Easiest way to check is, as has been suggested, writing a small benchmark, being careful with the normal caveats of Java microbenchmarks (warm up the code first, avoid code with no side-effects since the JIT just optimizes it as a no-op, etc).

Solution 2 - Java

Here is my benchmark code:

public void test(int copySize, int copyCount, int testRep) {
    System.out.println("Copy size = " + copySize);
    System.out.println("Copy count = " + copyCount);
    System.out.println();
    for (int i = testRep; i > 0; --i) {
        copy(copySize, copyCount);
        loop(copySize, copyCount);
    }
    System.out.println();
}

public void copy(int copySize, int copyCount) {
    int[] src = newSrc(copySize + 1);
    int[] dst = new int[copySize + 1];
    long begin = System.nanoTime();
    for (int count = copyCount; count > 0; --count) {
        System.arraycopy(src, 1, dst, 0, copySize);
        dst[copySize] = src[copySize] + 1;
        System.arraycopy(dst, 0, src, 0, copySize);
        src[copySize] = dst[copySize];
    }
    long end = System.nanoTime();
    System.out.println("Arraycopy: " + (end - begin) / 1e9 + " s");
}

public void loop(int copySize, int copyCount) {
    int[] src = newSrc(copySize + 1);
    int[] dst = new int[copySize + 1];
    long begin = System.nanoTime();
    for (int count = copyCount; count > 0; --count) {
        for (int i = copySize - 1; i >= 0; --i) {
            dst[i] = src[i + 1];
        }
        dst[copySize] = src[copySize] + 1;
        for (int i = copySize - 1; i >= 0; --i) {
            src[i] = dst[i];
        }
        src[copySize] = dst[copySize];
    }
    long end = System.nanoTime();
    System.out.println("Man. loop: " + (end - begin) / 1e9 + " s");
}

public int[] newSrc(int arraySize) {
    int[] src = new int[arraySize];
    for (int i = arraySize - 1; i >= 0; --i) {
        src[i] = i;
    }
    return src;
}

From my tests, calling test() with copyCount = 10000000 (1e7) or greater allows the warm-up to be achieved during the first copy/loop call, so using testRep = 5 is enough; With copyCount = 1000000 (1e6) the warm-up need at least 2 or 3 iterations so testRep shall be increased in order to obtain usable results.
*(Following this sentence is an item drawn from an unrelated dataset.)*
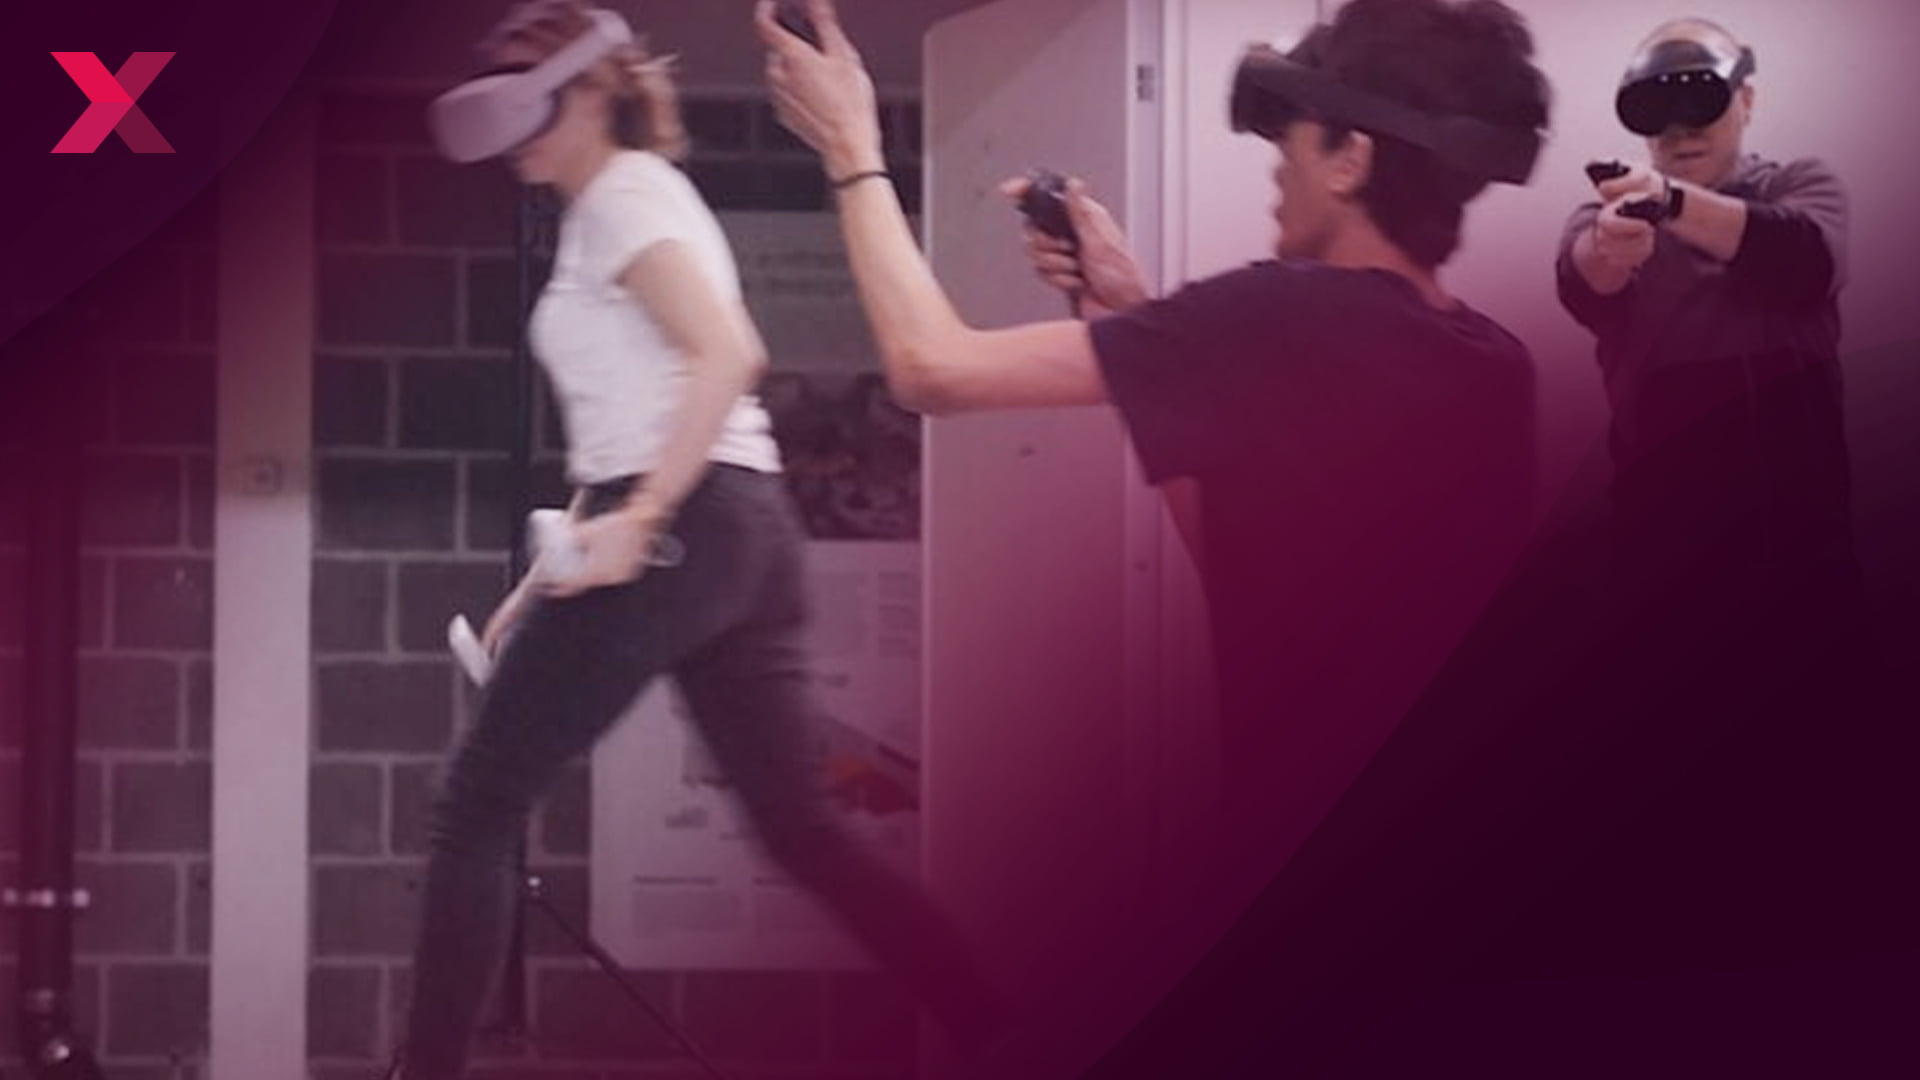 VR-Spiele, neue Quest-Showcase-App & VR-Übelkeit-Forschung

With my configuration (CPU Intel Core 2 Duo E8500 @ 3.16GHz, Java SE 1.6.0_35-b10 and Eclipse 3.7.2) it appears from the benchmark that:

When copySize = 24, System.arraycopy() and the manual loop take almost the same time (sometimes one is very slightly faster than the other, other times it’s the contrary),
When copySize < 24, the manual loop is faster than System.arraycopy() (slightly faster with copySize = 23, really faster with copySize < 5),
When copySize > 24, System.arraycopy() is faster than the manual loop (slightly faster with copySize = 25, the ratio loop-time/arraycopy-time increasing as copySize increases).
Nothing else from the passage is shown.